Infrastructure

Winners and Losers for the week ending August 18

After so many days of truly stunning opinions and analyses of what happened in Charlottesville – and the ramifications of both the chaos of the weekend and the broken moral compass in the White House – there isn’t much call for another op-ed at this point.

Instead, let’s focus on how some of the biggest losers of the past week are long dead. The statues of Confederate leaders have become the flashpoints and rallying cries their commissioners always intended them to be – but with the unintended consequences of uniting both those that these proto-Nazis would subjugate and those that can eradicate these symbols of defeat and division.

Where that leaves another deceased loser in the Charlottesville aftermath is still very much open to debate. Former Philadelphia Mayor Frank Rizzo, who continues to polarize decades after his death, is now Topic A in Philadelphia for which monuments should be toppled next. Although the Rizzo statue in front of the Municipal Services Building – and opposite City Hall – has been protested before, this time feels different, especially given the relative openness of Mayor Kenney’s administration to discuss the issue. There are substantive, compelling arguments to be made for moving the statue; but defacing it with graffiti only weakens them.

 

WINNERS

Public school students and teachers: It’s not enough to make up for the fact that they’ll be going back to school in two weeks, but Gov. Tom Wolf’s announcement that the PA Department of Education will be reducing the amount of time spent on the PSSAs – the standardized tests that have cannibalized classroom time from actual learning for years – is welcome news.
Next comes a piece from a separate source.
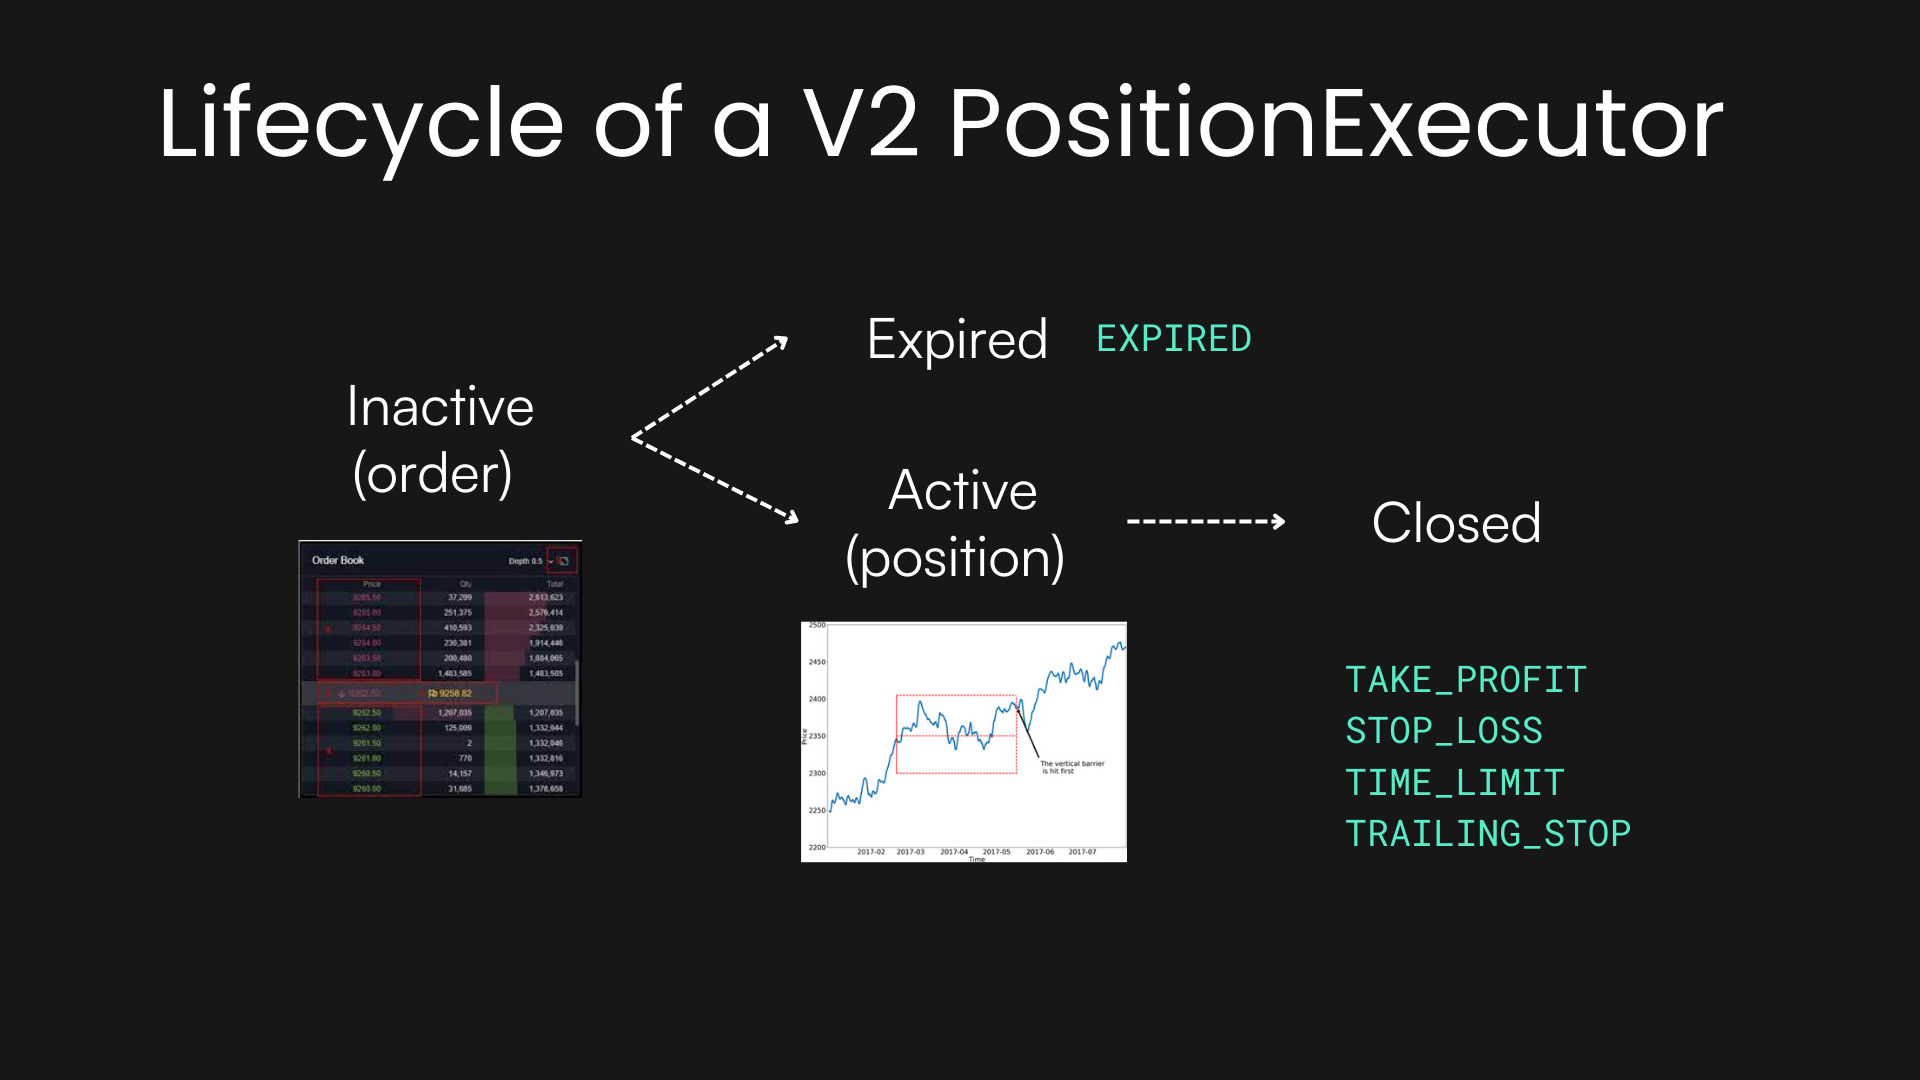 Lifecycle of a V2 PositionExecutor

Josh Shapiro: Continuing in the good academic news vein, the AG proposed a $6.7 million settlement with the defunct investment firm holding the educational debt of for-profit colleges like the notorious Corinthian Colleges. If agreed upon, it would free some 1,200 Pennsylvania residents from their debts incurred by enrolling in those institutions.

Teresa Miller: The commonwealth’s insurance commissioner was named acting Human Services secretary, putting her in charge of a 17,000-employee department with a budget in the tens of billions and in the crosshairs of numerous planned reductions by the Trump administration.

 

LOSERS

Daryl Metcalfe: In the aftermath of President Trump’s equivocation on condemning white supremacists, the Republican head of the PA House State Government Committee found himself under renewed fire for his 2015 decision to have Robert Vandervoort, a white supremacist, speak to the committee – and his subsequent defense of both his decision and Vandervoort’s beliefs.

Ed Pawlowski: Allentown’s embattled mayor got some more bad news this week when City Council passed a resolution to search for a lawyer to help expedite his ouster following his indictment on federal corruption charges.

John Maher: The state Rep. from Upper St. Clair waived his right to a preliminary hearing for his DUI arrest near the capital in July. He’s scheduled for formal arraignment in October.